• WORK REQUIRED: Take the whole listing and reproduce it exactly, pictures excepted.

• SUPPLIED MATERIAL:
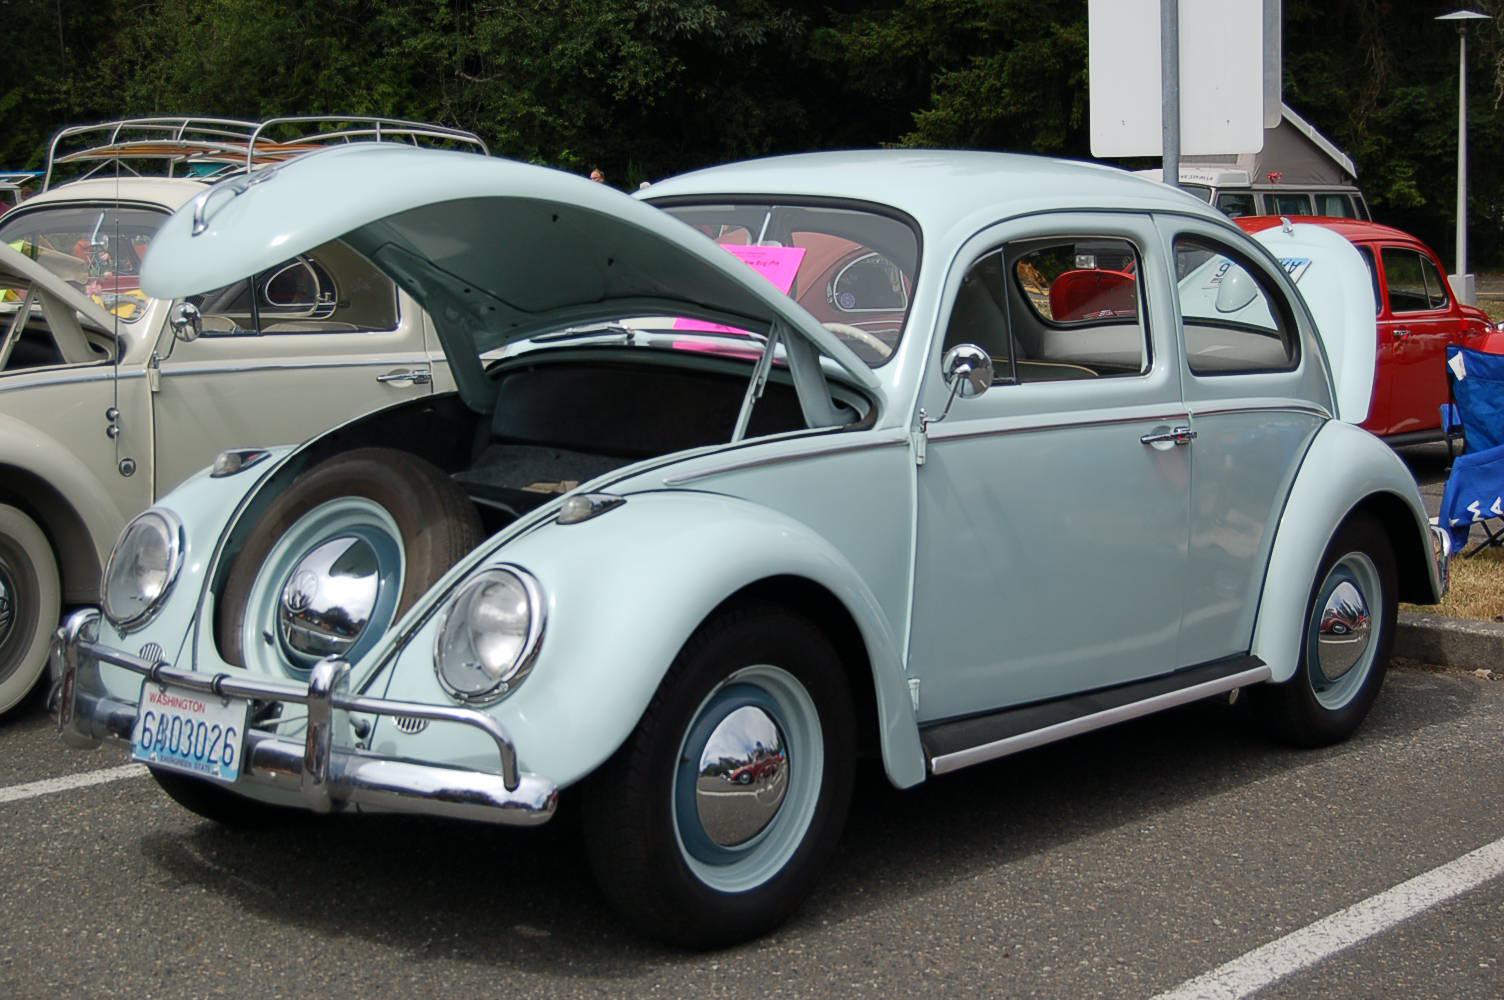 beetle volkswagen bestongas gls gas best tdi fuel bugs com on efficient cars most
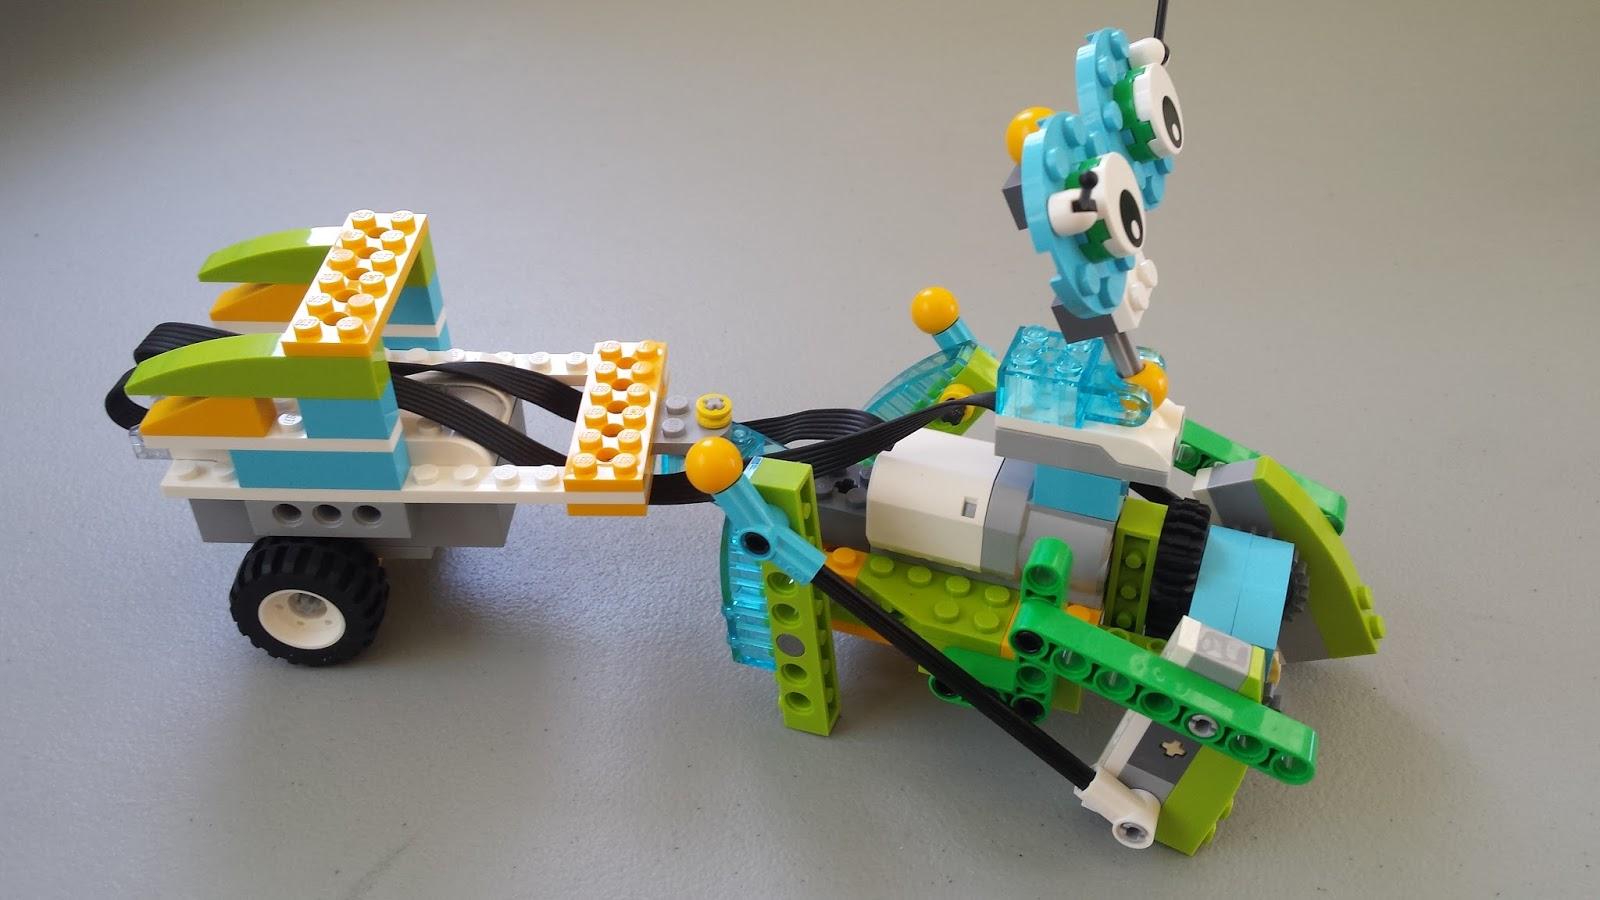 Aula Robótica Dominicana: Robótica con LEGO WEDO 2.0
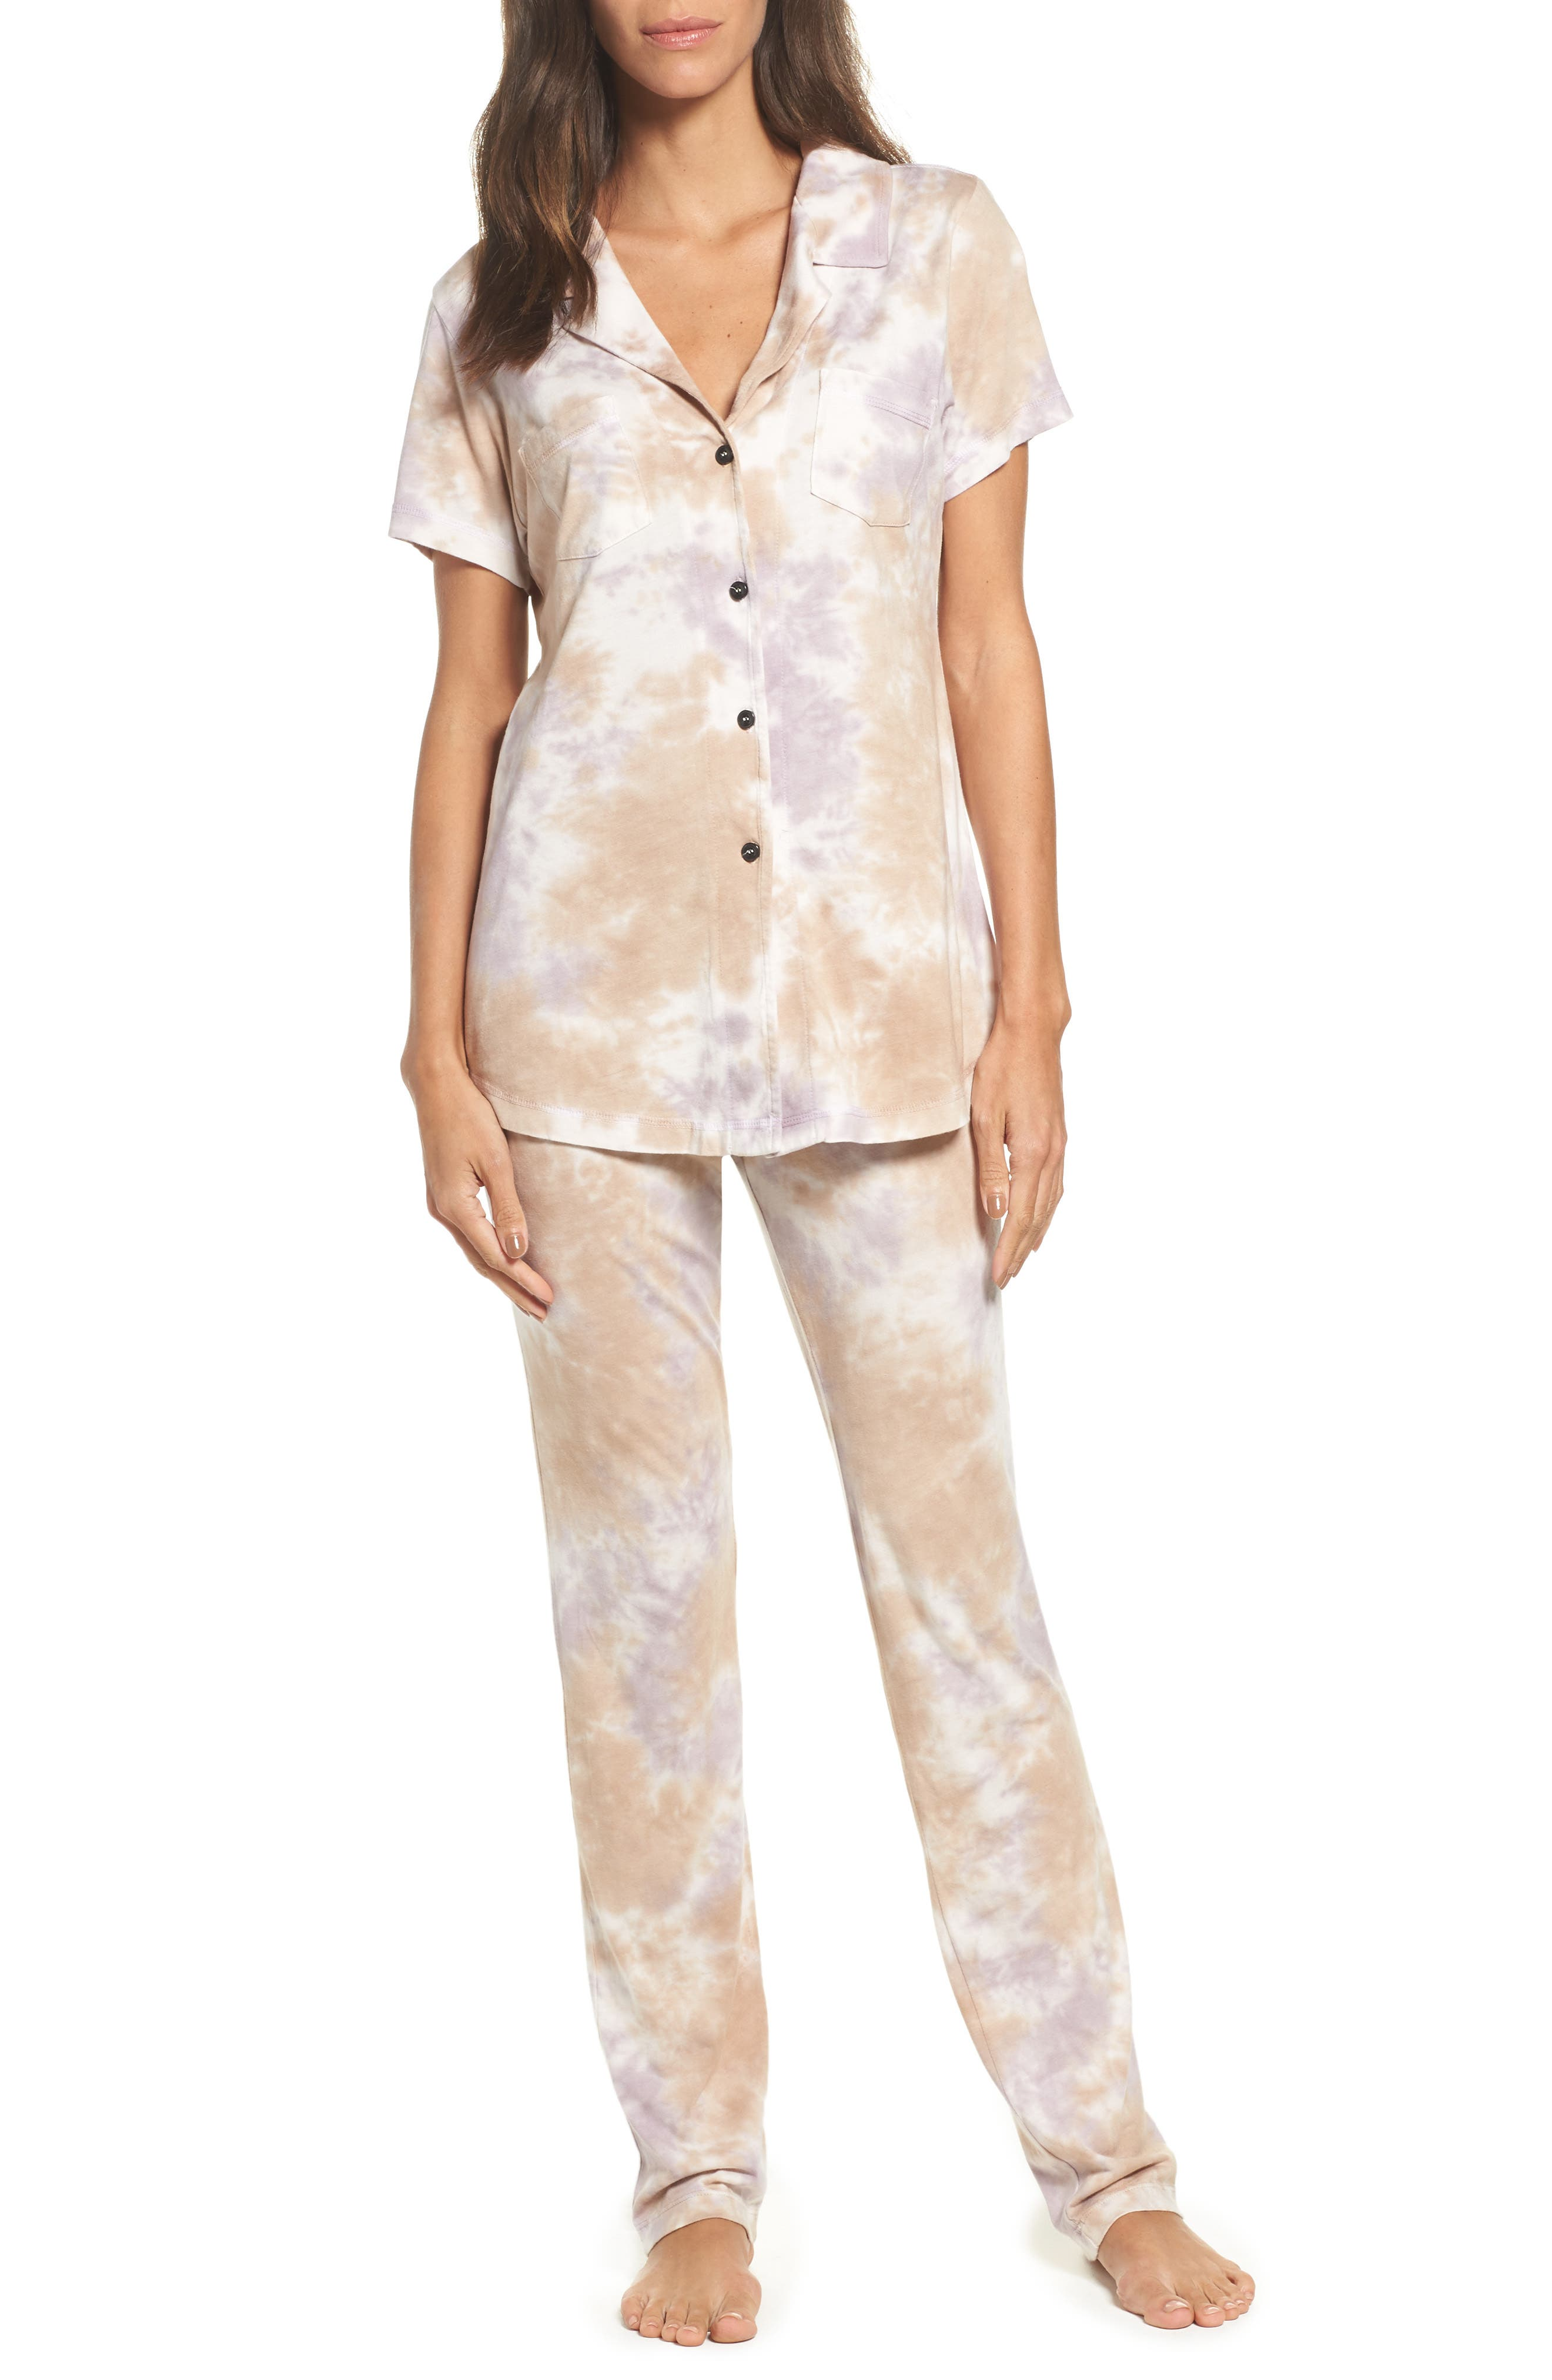 Christine Slim Leg Pajamas,                             Main thumbnail 1, color,                             Ash Violet

• EXERCISE RESULT:
 beetle volkswagen bestongas gls gas best tdi fuel bugs com on efficient cars most
 Aula Robótica Dominicana: Robótica con LEGO WEDO 2.0
 Christine Slim Leg Pajamas,                             Main thumbnail 1, color,                             Ash Violet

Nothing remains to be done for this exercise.